His Honour found that the proposed implied term was not linguistically inconsistent with the express terms. On a narrow construction, the proposed implied term did not prevent IBRC from marketing the loans at all: it would only prevent IBRC from marketing the loans in competition with the CMG’s marketing of the properties.

However, was the proposed implied term in substance inconsistent with the express terms of the Restated Facility Agreement? Substantive inconsistency is in issue, where, for example, parties have entered into express obligations with respect to a subject matter, but it is argued that a further term should be implied in relation to the same subject matter.

Lord Justice Beatson found that there was such a substantive inconsistency between the pleaded implied term in the 2012 Supplemental Deed, and the express term of the Restated Facilities Agreement. Notwithstanding the business purpose of the 2012 Supplemental Deed, it had been entered into between commercial parties, against the backdrop of and with the incorporation of the earlier detailed Restated Facilities Agreement.

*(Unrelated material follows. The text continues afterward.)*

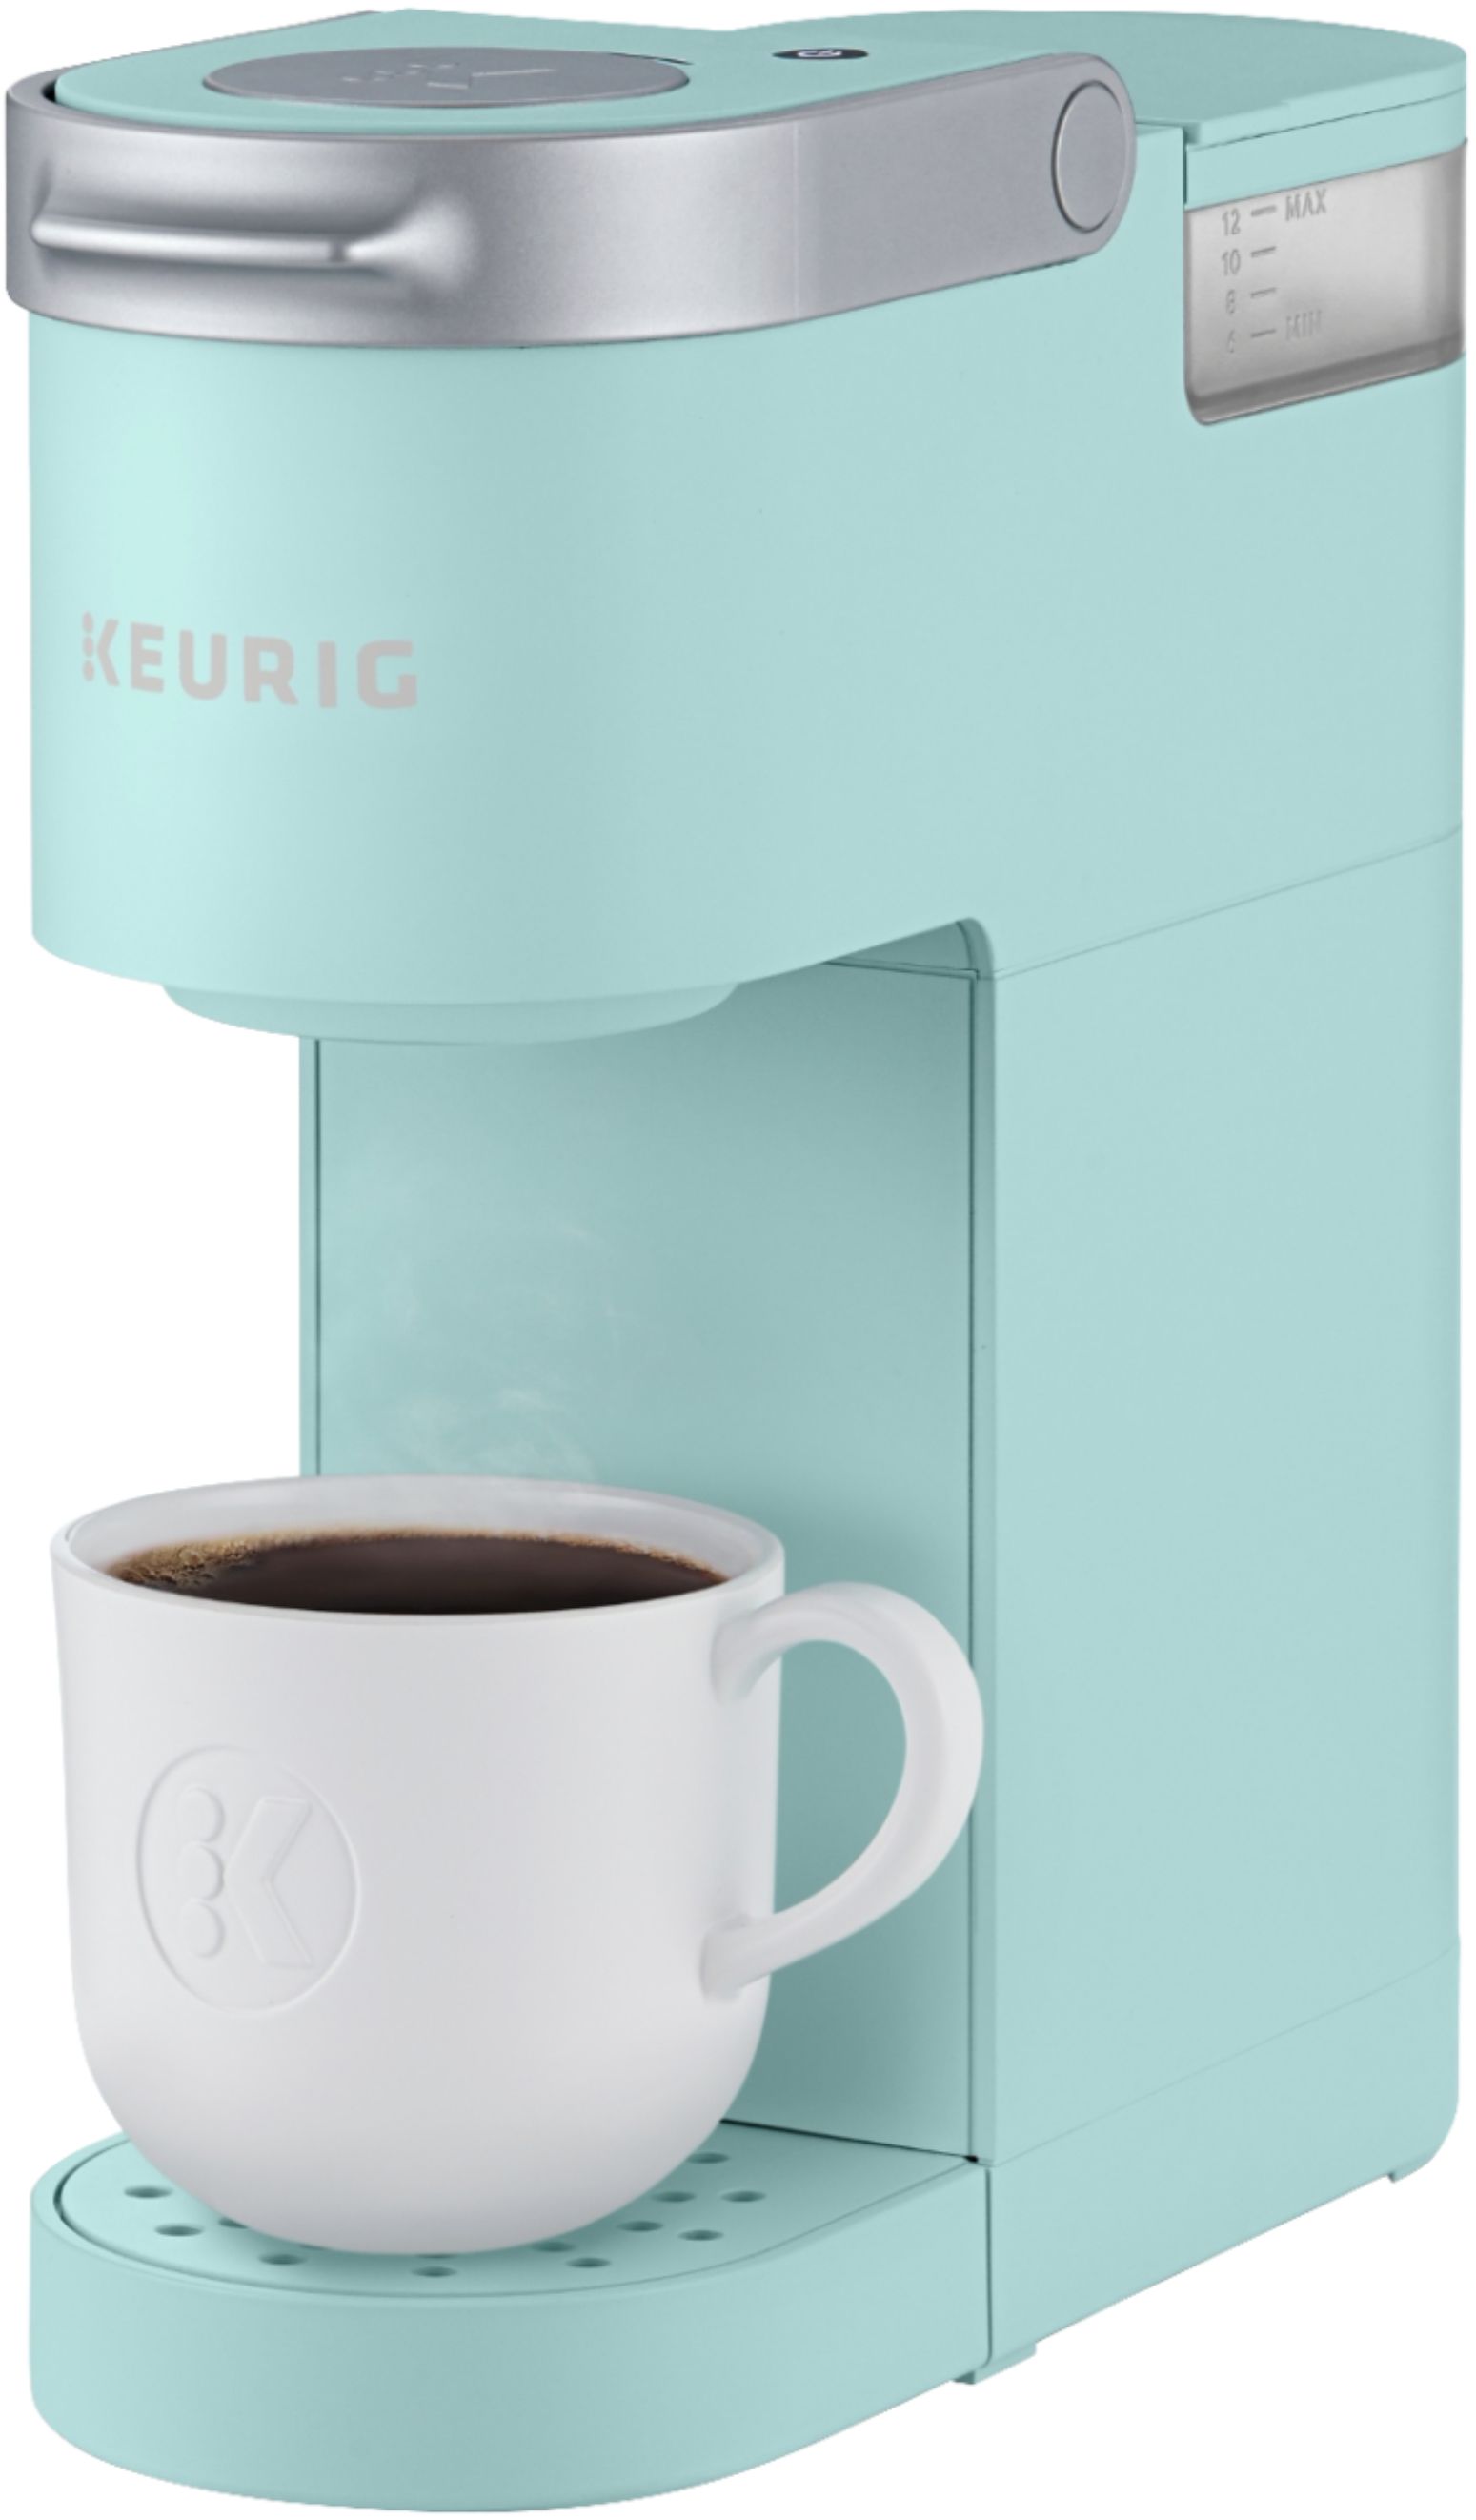 Mint Green Cuisinart Electric Tall Can Opener , Oasis/mint Green Kitchen,  Oasis Keurig, Pastel Green Smeg

IBRC’s “express and unrestricted power” to market the loans by disclosing information to potential purchasers could not, as a matter of law, be circumscribed by an implied term. The Restated Facilities Agreement did contain express restrictions on IBRC’s power to market loans (as disclosure of information was limited to potential purchasers). To imply the additional pleaded term in such circumstances would be a significant restriction on IBRC’s power to deal with its assets, and would “cut across IBRC’s entitlement to provide information [to potential purchasers] … in a way which is redolent of uncertainty”. The Court clearly disapproved of the lack of clarity which would arise from implication of the proposed term – as it would be “impossible” for IBRC to know the extent of the prohibited conduct, which would depend on market perceptions (as to whether to loans were being marketed in competition to the properties) outside the control of IBRC.


Where a contract is lengthy and carefully drafted between commercial entities, the courts will be reluctant to imply a further term, even where there is no express conflict. The question of “inconsistency” is not one to be looked at in isolation, or with a narrow approach: rather the Court focuses on the extent to which the parties have otherwise provided for the relevant subject matter in their existing written contractual documents.

In this case, although the commercial purpose in the parties entering the 2012 Supplemental Deed was to enhance the borrower’s ability to achieve the best price for the underlying property assets, it was clear that the express words of the prior facility agreement prevailed when it came to the question of any restrictions on the marketing of the loans.